Material’s acquisition spree began in 2015, with funding from private equity firm Tailwind Capital. Its purchases include full-service agency T3, customer service agency Strativity and market research firm Kelton.
CEO Dave Sackman, a former marketing exec, wanted to build a full-service marketing consultancy that wasn’t bogged down by silos – in other words, to fix the holding company model.
“So much is lost when moving between silos,” Sackman said. “There’s are so many handoffs, even within clients from department to department, and certainly to agencies.”
To enhance collaboration, Material is organized under a single P&L. The group goes-to-market by practice areas in analytics, media and customer strategy. And it has a full-time team dedicated to pulling together capabilities across the organization to meet specific client needs.
“They frame client problems and pull together the cross-company, cross-capability teams that will endure the length of our relationship,” Sackman said.
Material will sunset its legacy agency brands within the next year and a half and go to market in its specialty areas. That’s unlike traditional holding companies, where different cultures and competing incentives prevent uniting agency teams under a single strategy, Sackman argued.
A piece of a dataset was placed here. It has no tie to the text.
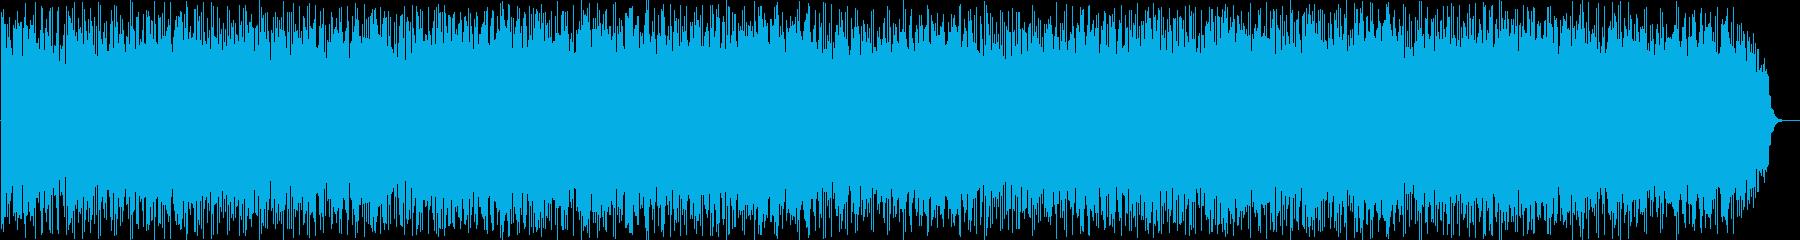 ゆったりとした風の竹笛のヒーリング音楽の再生済みの波形

Material’s work includes mining insights for a holiday season campaign for UPS that evolved into an ongoing annual social content program. The agency also helped convenience store 7-Eleven build the technical capability for its first delivery offering through a partnership with Postmates. And it helped Disney, a client for 30 years, develop its strategy as its moves into the streaming era with Hulu and Disney Plus.
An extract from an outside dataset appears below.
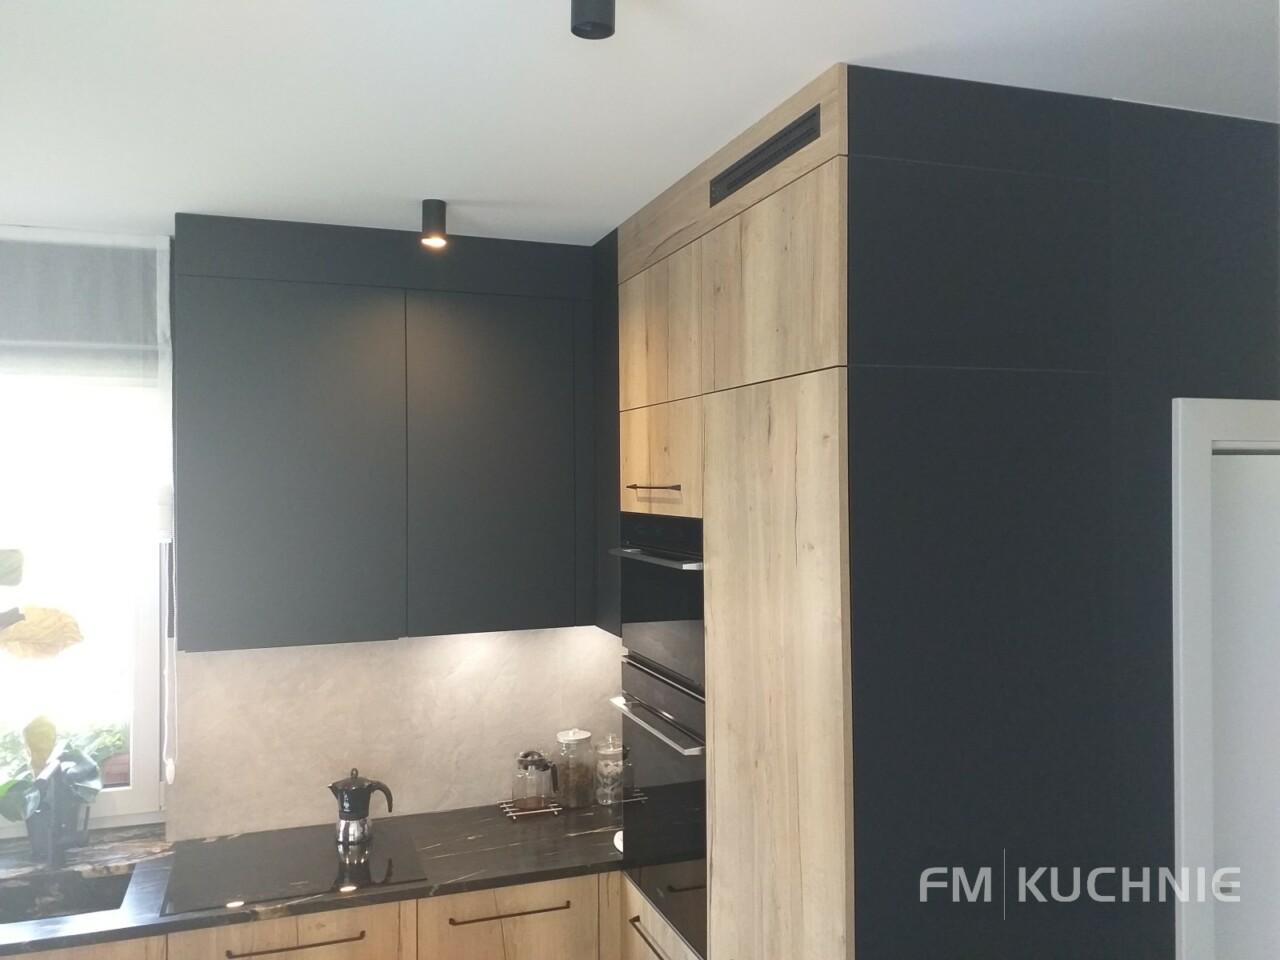 Kuchnia na wymiar WFM Punto dąb halifax P79F w połączeniu z Raso czarny mat P76F z tradycyjnymi uchwytami - Meble kuchenne Kraków -7- FM KUCHNIE Kraków

“We did everything from analytics, to consulting, to developing content and a digital loyalty program,” Sackman said. “So many clients have known us predominantly for one or a few capabilities, so now we have the opportunity to give them the full range of what they’re building.”
Material is pinning its growth both on new client acquisition as well as on expanding its responsibilities with existing clients. The agency generally pitches against the big six holding companies and consulting firms for new business, Sackman said.
But Material isn’t the first agency group looking to repair the much-maligned holding company model by providing cross-functional services. The agency will have to create a culture that’s stronger than the sum of its parts so that its employees and clients buy into the model – a challenge holding companies continue to face.
Sackman argues that because Material started acquiring businesses while it was small ($100 million in revenue), it’s in a better position to grow into a collaborative agency model than its holding company peers.
“Holding companies were financially constructed,” Sackman said, “and when they got large, they wanted to create an integrated experience. But there was too much culture clash.”